I have one of these : Sunbeam Heater, Quartz, Tower - Walmart.com
It is a quartz heater... It will heat you, and not the air.


----------



## StogieJim (Sep 18, 2010)

John, do you use that outdoors? This is an open balcony, not a garage...

If so, this might be perfect as I won't have to deal with propane or kerosene!


----------



## Swany (Aug 20, 2010)

Smoke INSIDE your apartment. Thats what I do. But I am also single.


----------



## StogieJim (Sep 18, 2010)

Rob, how I wish brother!

I've thrown the idea around a few times. My wife is kick ass, totally cool with anything and everything I do, EXCEPT smoke in the house. Oh well


----------



## Breezy818 (Oct 1, 2012)

Good stuff here. Thanks everyone. My fingers, nose and ears will be thanking you!


----------



## havanajohn (Apr 4, 2009)

StogieJim said:


> John, do you use that outdoors? This is an open balcony, not a garage...
> 
> If so, this might be perfect as I won't have to deal with propane or kerosene!

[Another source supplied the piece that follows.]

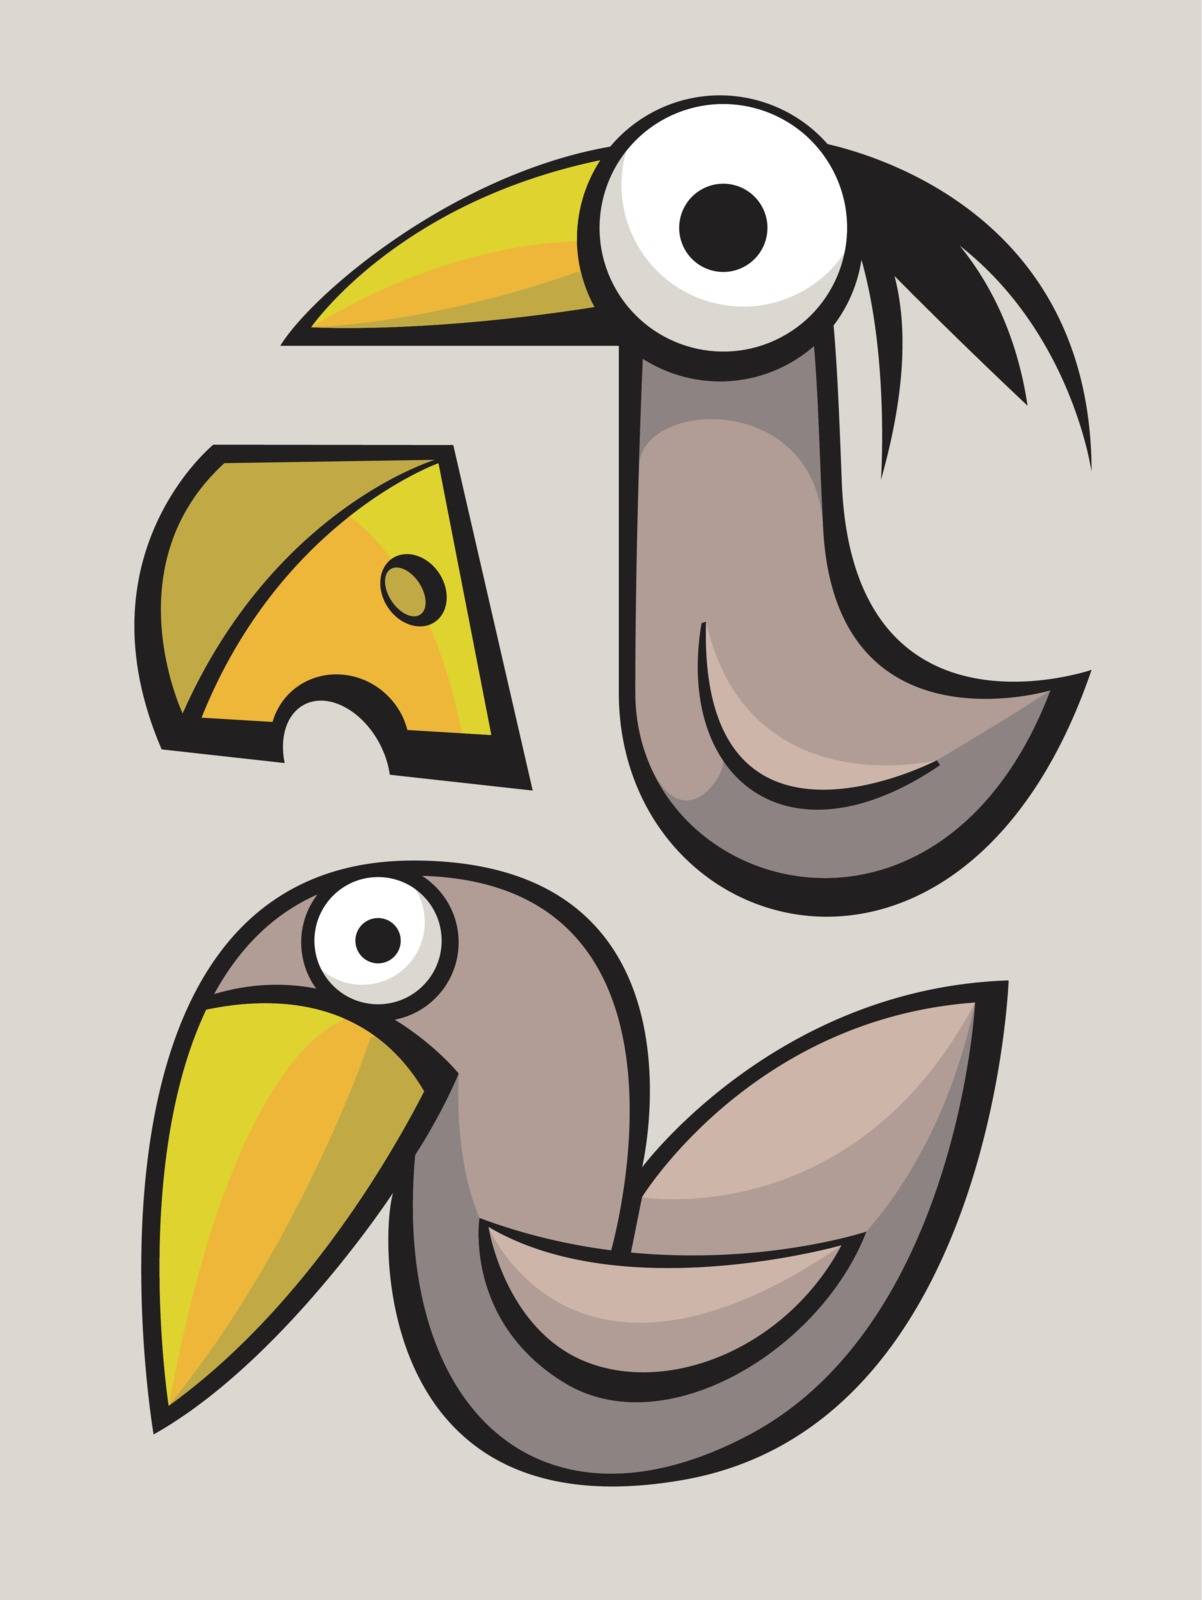 Funny cute stylized birds playing and flying
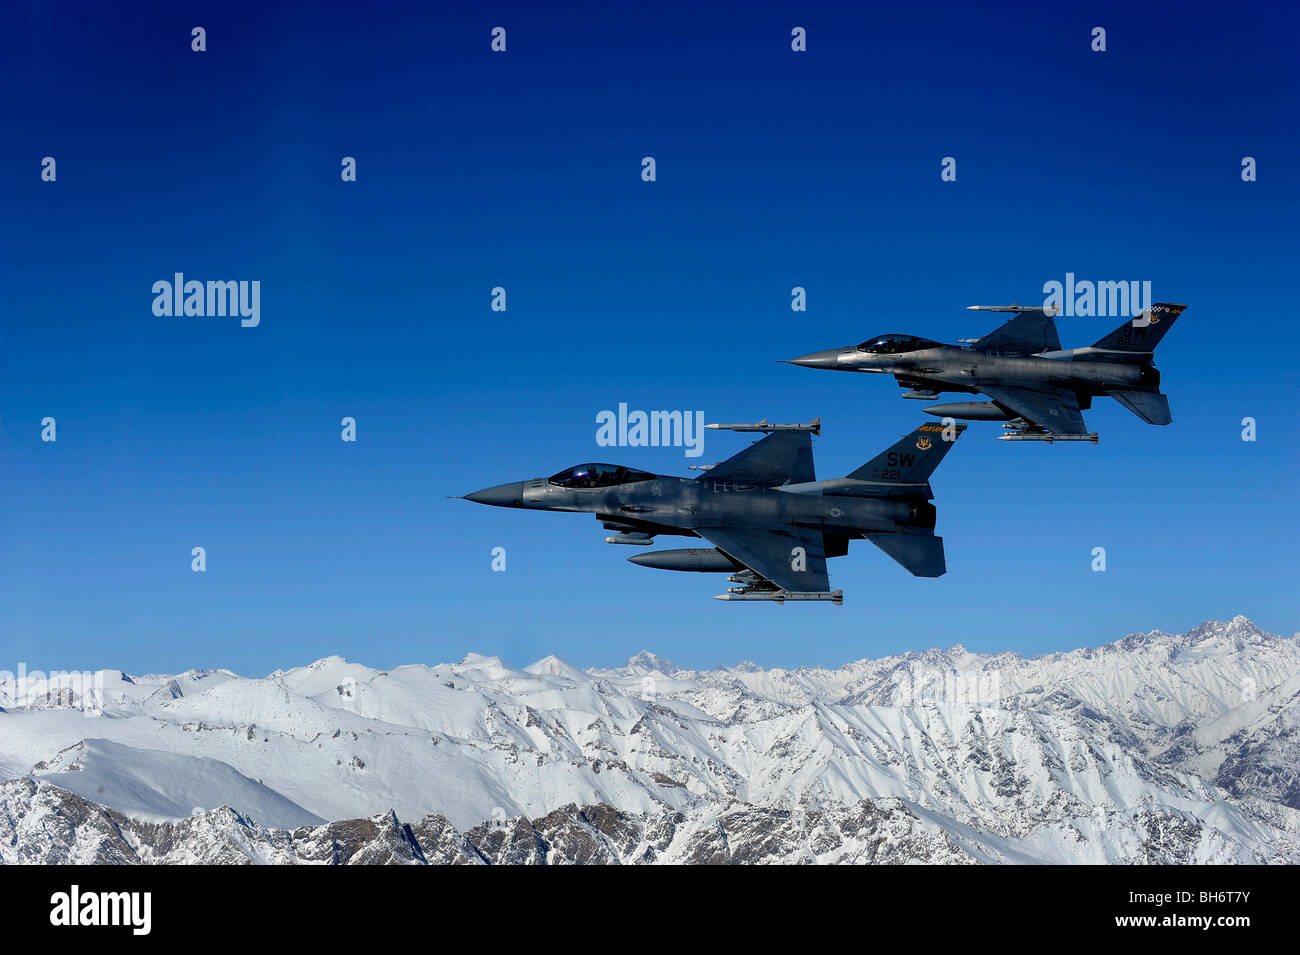 November 26, 2009 - U.S. Air Force F-16 Fighting Falcons conduct operations over eastern Afghanistan. Stock Photo

Yes, I use it on a open porch. It will heat two people with no problem providing there is no wind.


----------



## StogieJim (Sep 18, 2010)

Will it heat one person _with_ wind?

Gets kind of windy out here.... If it's solid for one person even with some wind im gonna pick it up tonight.


----------



## Fuzzy (Jun 19, 2011)

I would like to offer an alternative source of heat.










or,,,,










looks like the second alternative may handle the cold better!


----------



## Fuzzy (Jun 19, 2011)

Tampa will start looking better as the winter progresses!


----------



## netbeui22 (Feb 11, 2011)

Yes!!!! =)



Fuzzy said:


> I would like to offer an alternative source of heat.
> 
> 
> 
> ...


----------



## Livin' Legend (Sep 23, 2012)

If you don't mind looking like a hobo, you could always use an electric blanket in a pinch.


----------



## Blue Raccoon (Mar 13, 2011)

you're only 2 weeks into Dec.. you ain't seen cold and wind yet. any of those that sit on the floor will require to to 'shovel' that white stuff. depending on how you catch the prevailing wind you could be wizzing into the wind so to say. Something like this that uses a standard 20# propane tank is you best bet.










Whenever I need to smoke something and the weather isn't working with me I back the truck out and light up. stereo, heater, headed seats..


----------



## StogieJim (Sep 18, 2010)

My vacation starts on the 21st and I'll have 10 days off because of the holidays as well. I took the days off to snowboard, but since I've been injured, I can't ride. I plan on smoking lots of cigars 

So I plan on getting a heater this weekend, based on price and suggestions I was thinking this one Sunbeam Heater, Quartz, Tower - Walmart.com

Will this really keep me warm outdoors?? The propane option is nice, but then i'll need propane, and a tank.... trying to stay warm on the cheap!


----------